Le Mathias ne peut pas contenir un petit gémissement suppliant, ça fait le bruit d’une girouette taquinée par la brise.
Pour ma part je n’insiste plus. J’attends que ma proposition prenne sa place dans la tronche du Boss. Il mate ses doigts satinés, à bout de bras, en mordillant sa toute mince lèvre inférieure.
— Délicat, fait-il. Professeur de quoi ?
— De n’importe quoi, dis-je, de tir à l’arc, de saut à la perche ou de bonnes manières…
J’éclate de rire. C’est plus fort que moi.
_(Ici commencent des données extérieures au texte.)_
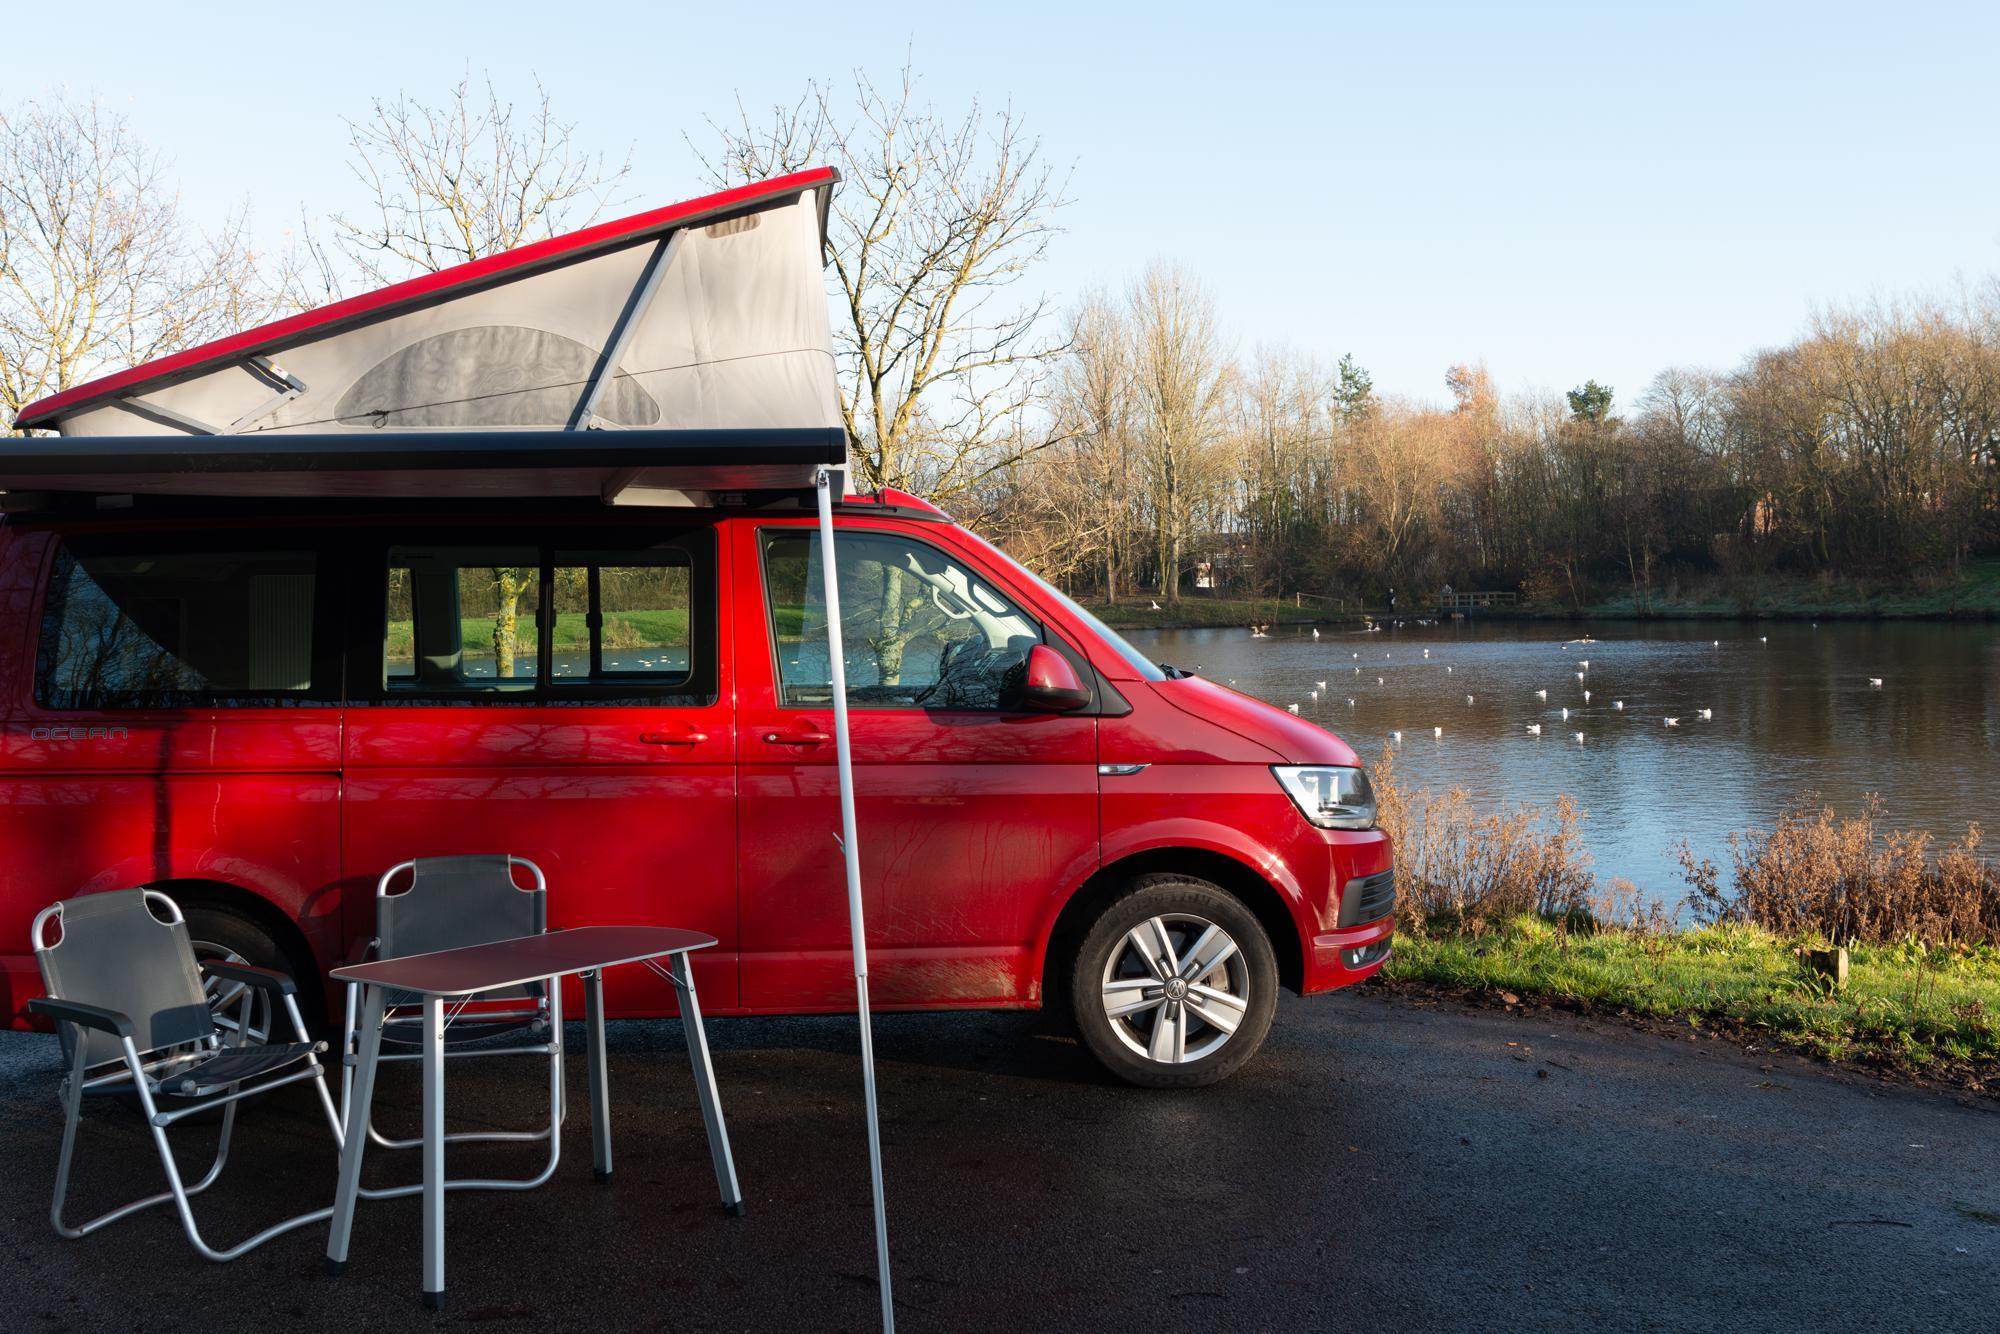 Campervans in Edinburgh holidays at Cool Camping

Je viens d’avoir une idée.
L’idée du siècle, mes amis.
La pipelette du Gros est en train de balayer l’entrée lorsque je me pointe d’une démarche gazellienne.
— Savez-vous si m’sieur Bérurier est chez lui ? je demande à la maîtresse de balais.
Elle tire sur les poils de sa moustache, puis caresse du doigt sa belle verrue mentonnière avant de grommeler d’une voix qui fait songer à un évier qu’on débouche :
— Je crois que ça s’entend, non ?
Je tends mon lobe et j’ouïs effectivement un boucan pas ordinaire. Y a de la musique dans les étages, et puis des cris, des piétinements.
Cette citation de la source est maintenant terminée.